Kentish Gazette Canterbury & District
Sad reminder that Cold War wasn’t much fun
Okay, this whole ‘Cold War nostalgia’ thing has probably gone far enough now. For the best part of 30 years, people who don’t remember living under the shadow of nuclear annihilation have been listening patiently while the rest of us bang on endlessly about the days of Protect and Survive, Threads, Two Tribes by Frankie Goes to Hollywood and ageing, stonyfaced Soviet leaders who looked bored with life and intent on taking the rest of the world with them for one last laugh.

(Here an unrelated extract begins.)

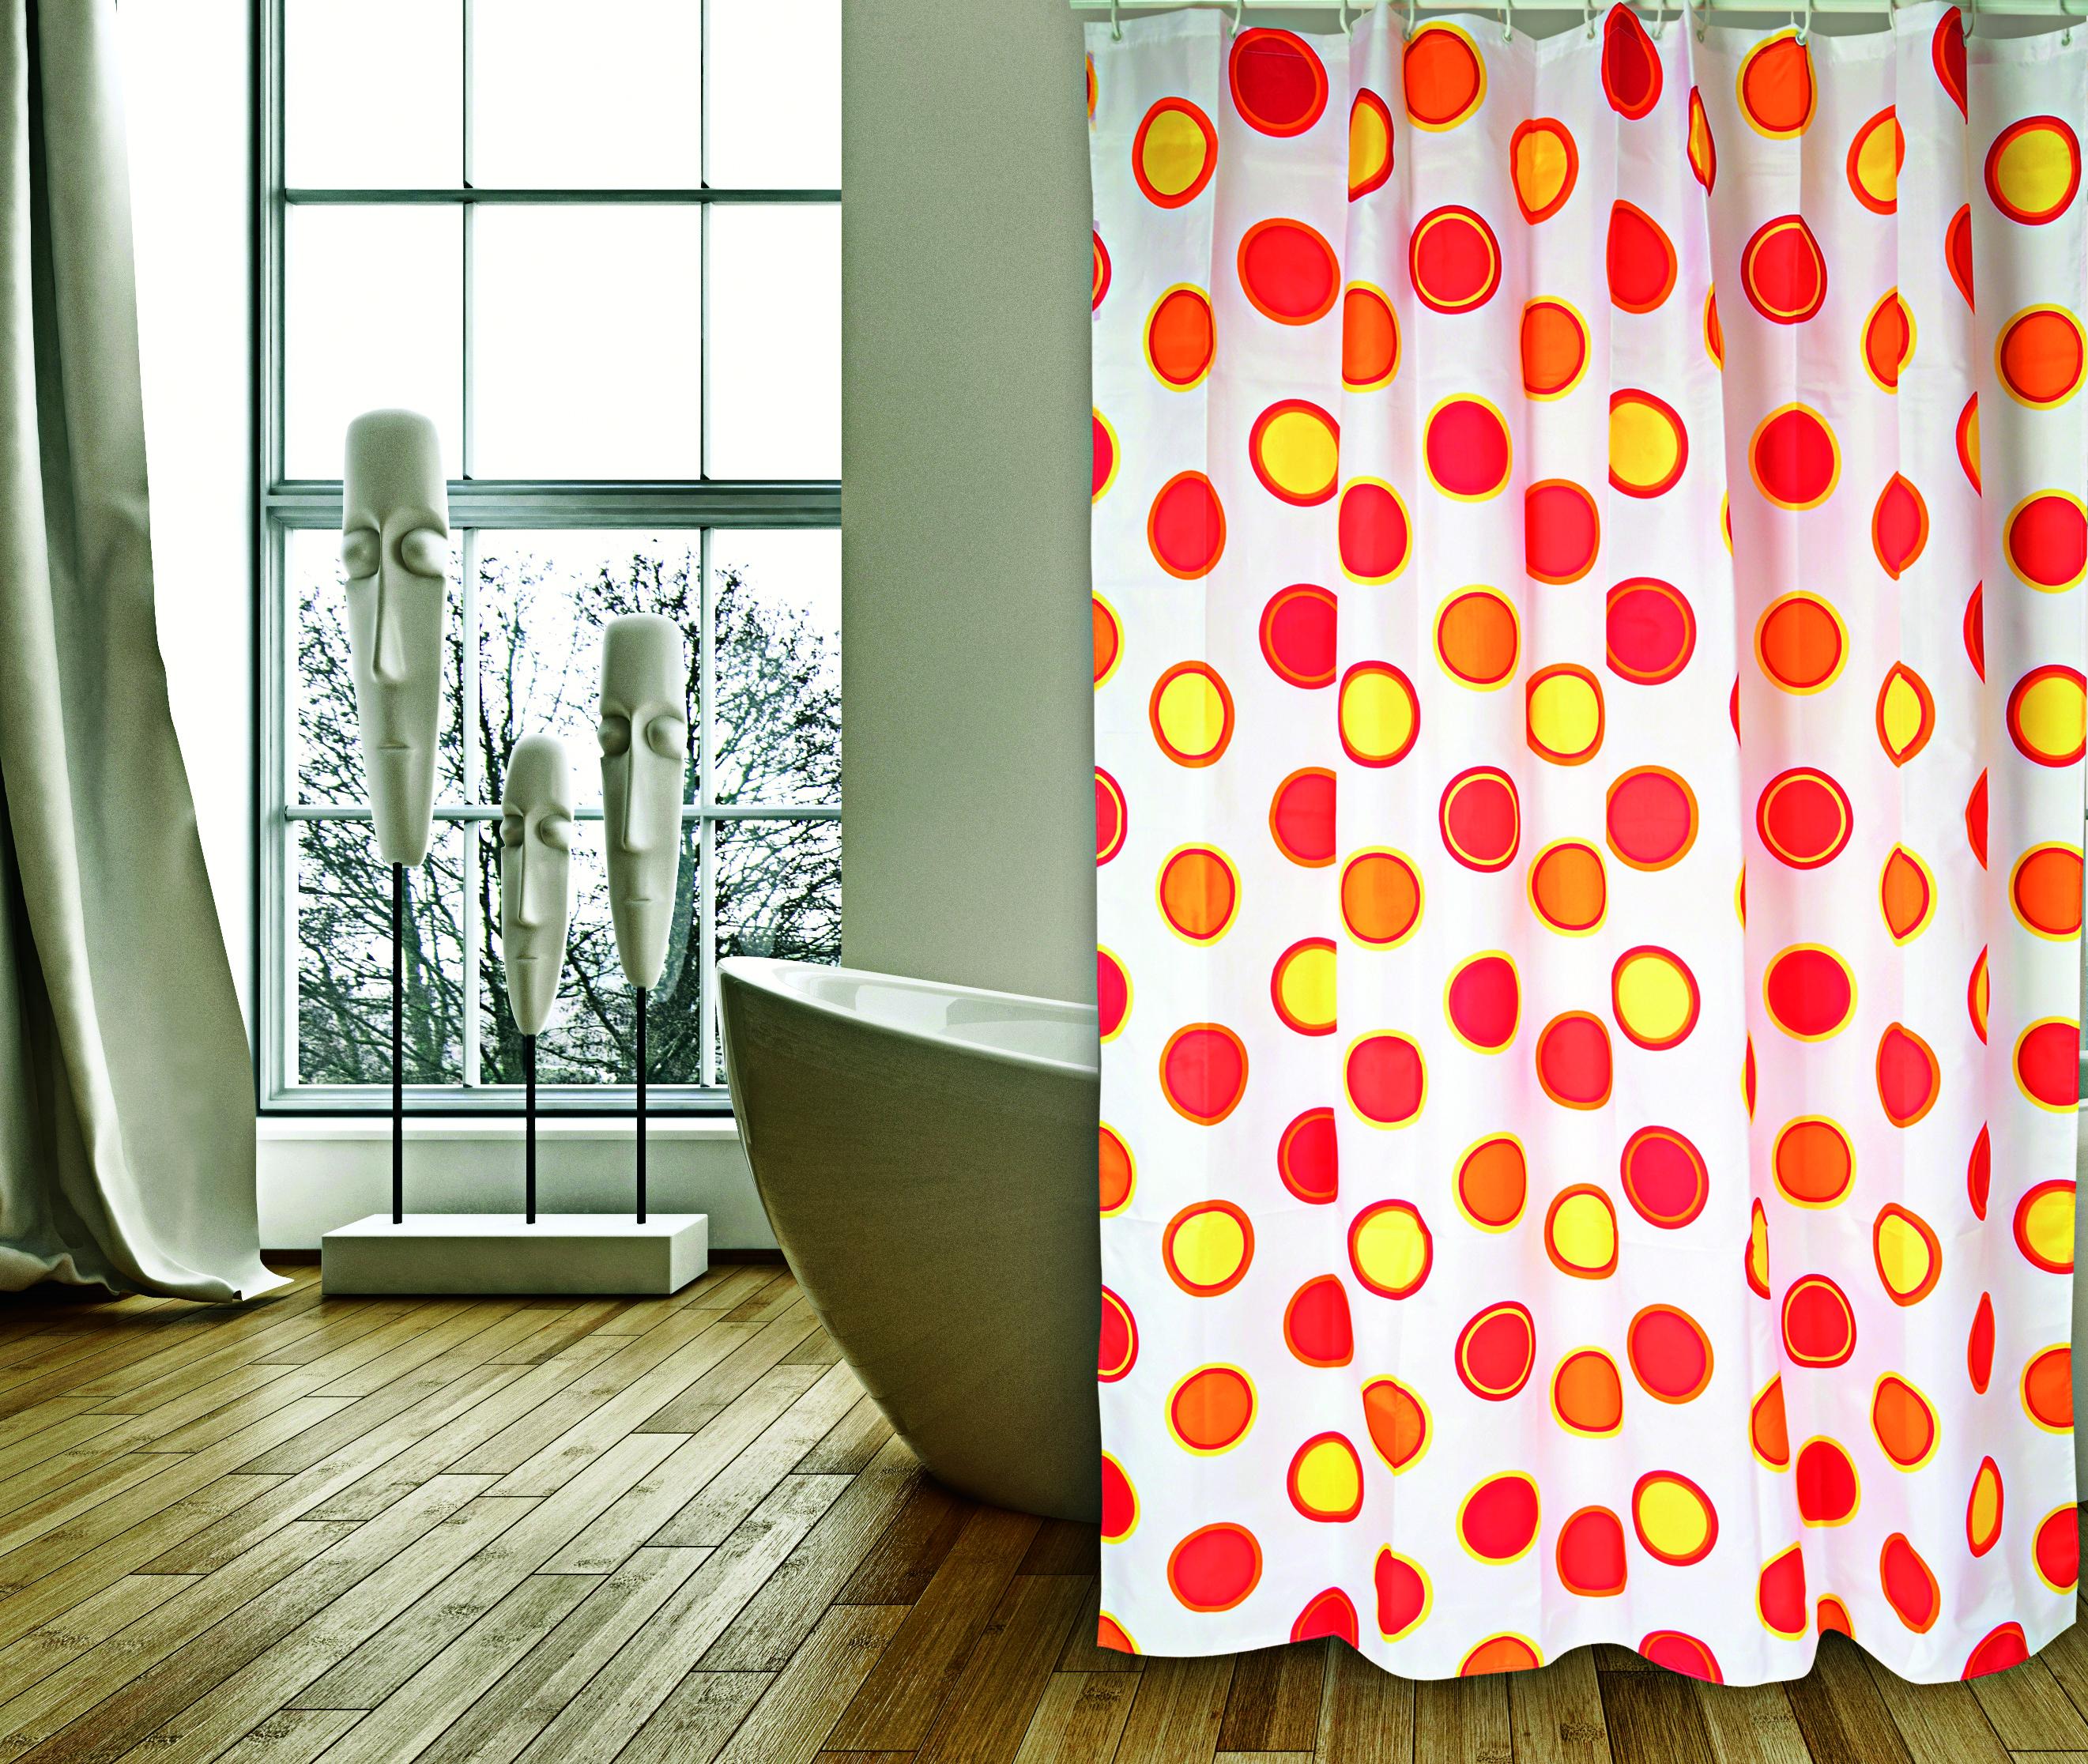 MSV Duschvorhang 180x200cm Anti Schimmel Textil Badewannenvorhang Wannenvorhang Kreise Rot

Now the under-40s are getting a taste of it themselves, as Russian President Vladimir Putin brings about a full-on 80s revival to eclipse anything we’ve seen from popular culture’s ongoing obsession with the same decade.
Putting aside the rights and wrongs of the war in Ukraine
- there are no rights anyway - the most alarming aspect of the invasion has been
Putin’s Cold Warstyle rhetoric and his willingness to threaten to bring about Armageddon if he doesn’t get his own way.

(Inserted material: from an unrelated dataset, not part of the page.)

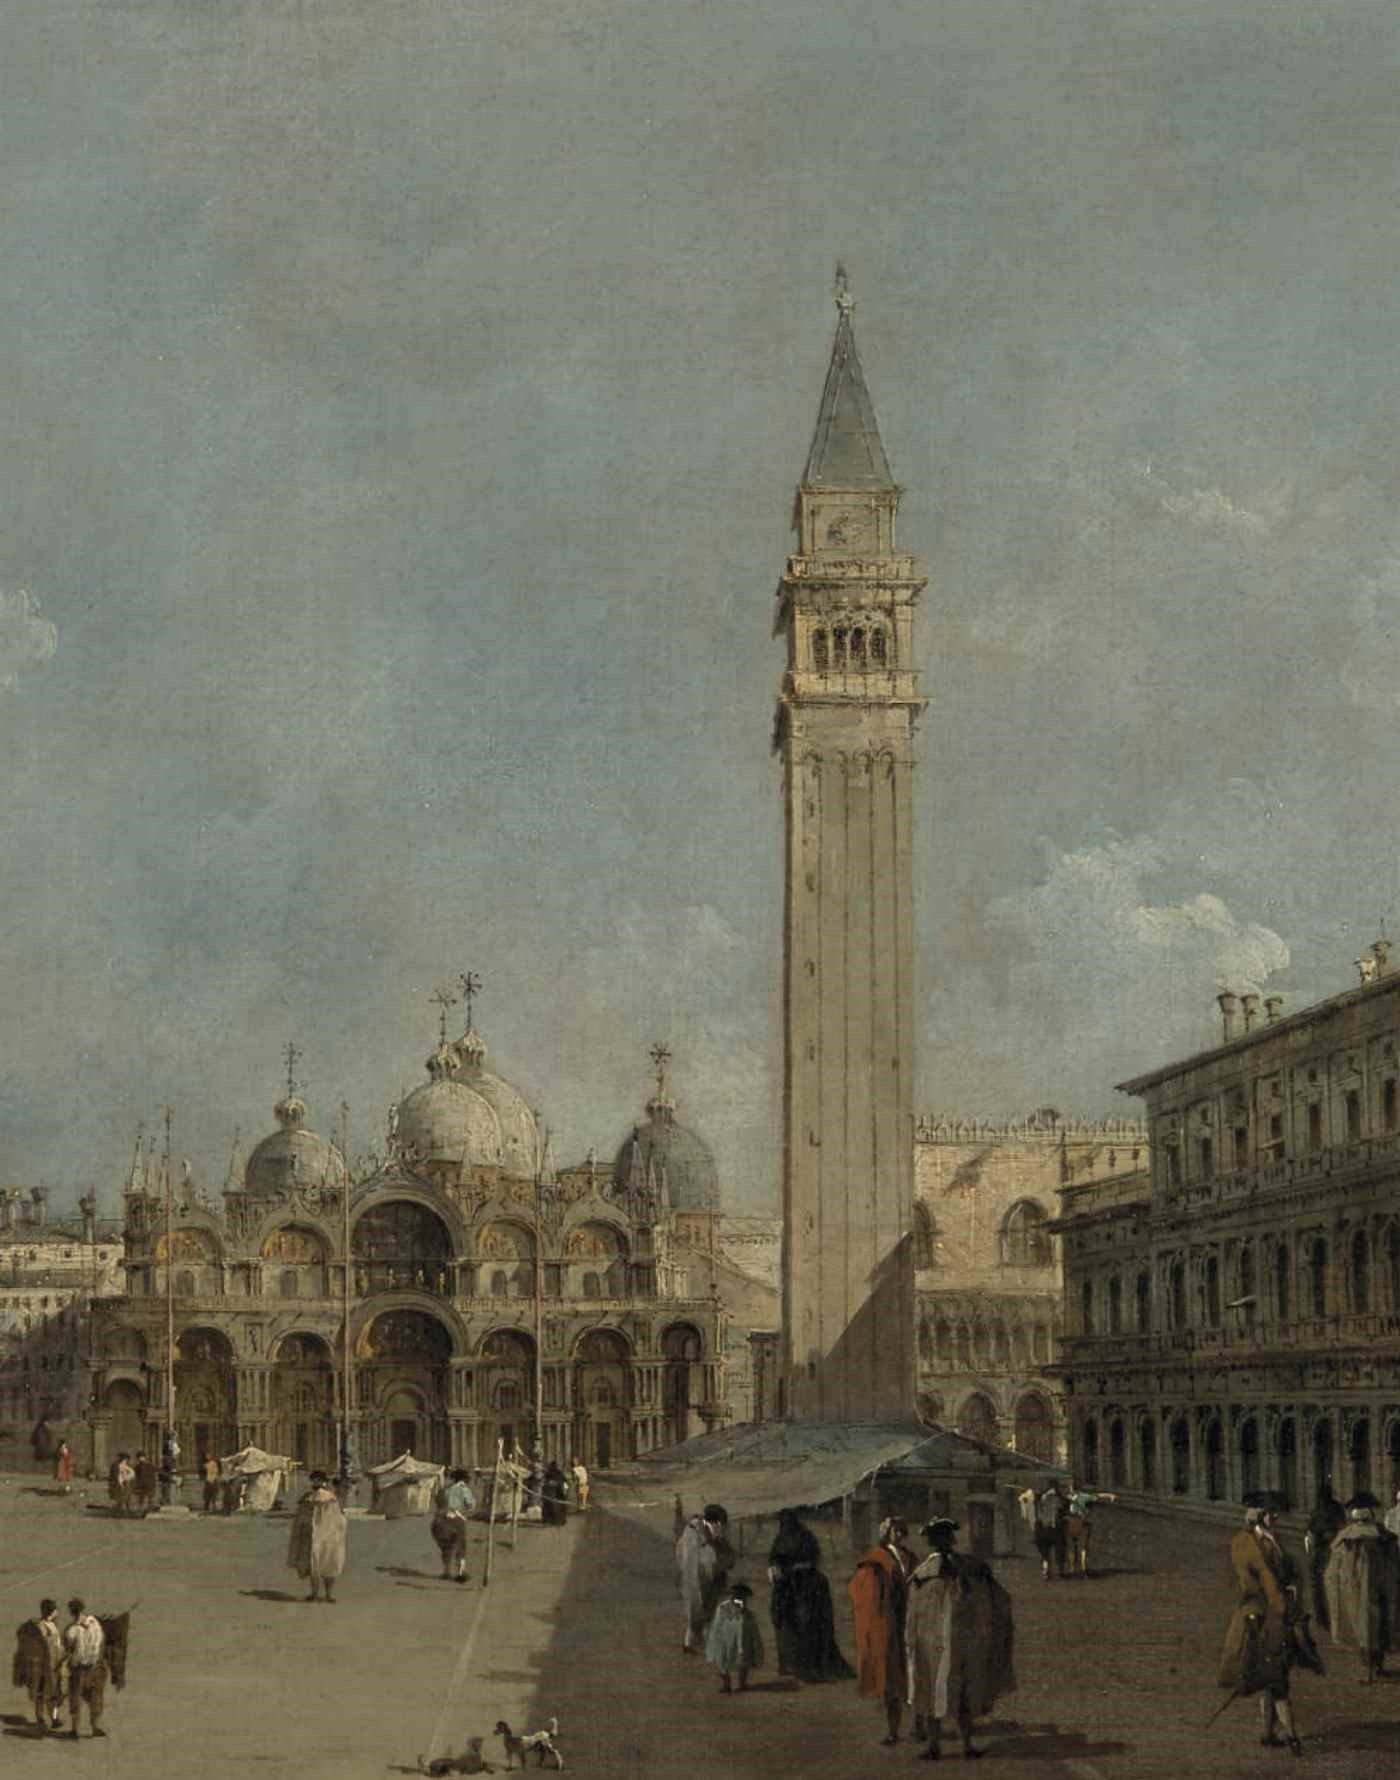 Une collection française: Pass auction at Christies

We can only imagine what a spoilt brat he must have been growing up.
Like most sane people,
I think I preferred
Putin’s earlier work; those ridiculous but ultimately harmless stunts designed to make him look macho, like riding a horse topless, grappling on a judo mat and wrestling an angry bear in his pants (I might have made the last one up but I bet he got as far as the risk assessment, at least).
Clearly the Russian people were impressed, as he regularly polled more than 100% of the vote in his country’s elections.

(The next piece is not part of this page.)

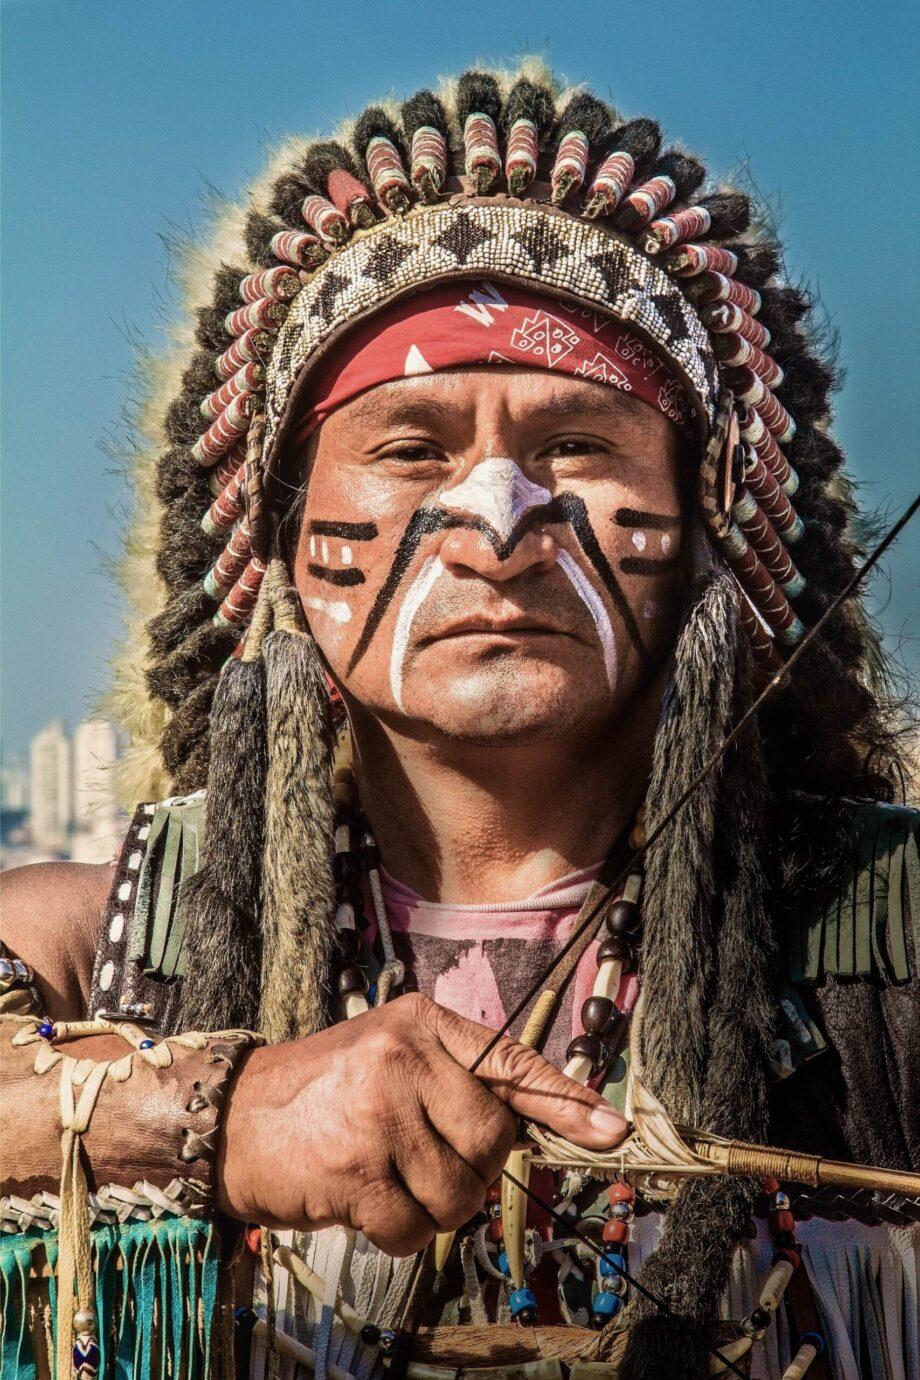 8946004323504_Ichio zd_Native American@0.5x-50

Cold War nostalgia only really works if it’s indulged from a position of peace in Europe. The heartbreaking scenes from Ukraine seen in the media show that is a depressingly long way off, as Putin’s war machine springs to life.
Suddenly, 99 Red Balloons by Nena sounds bang up to date.
‘Like most sane people, I think I preferred Putin’s earlier work, like riding a horse topless, grappling on a judo mat and wrestling an angry bear in his pants’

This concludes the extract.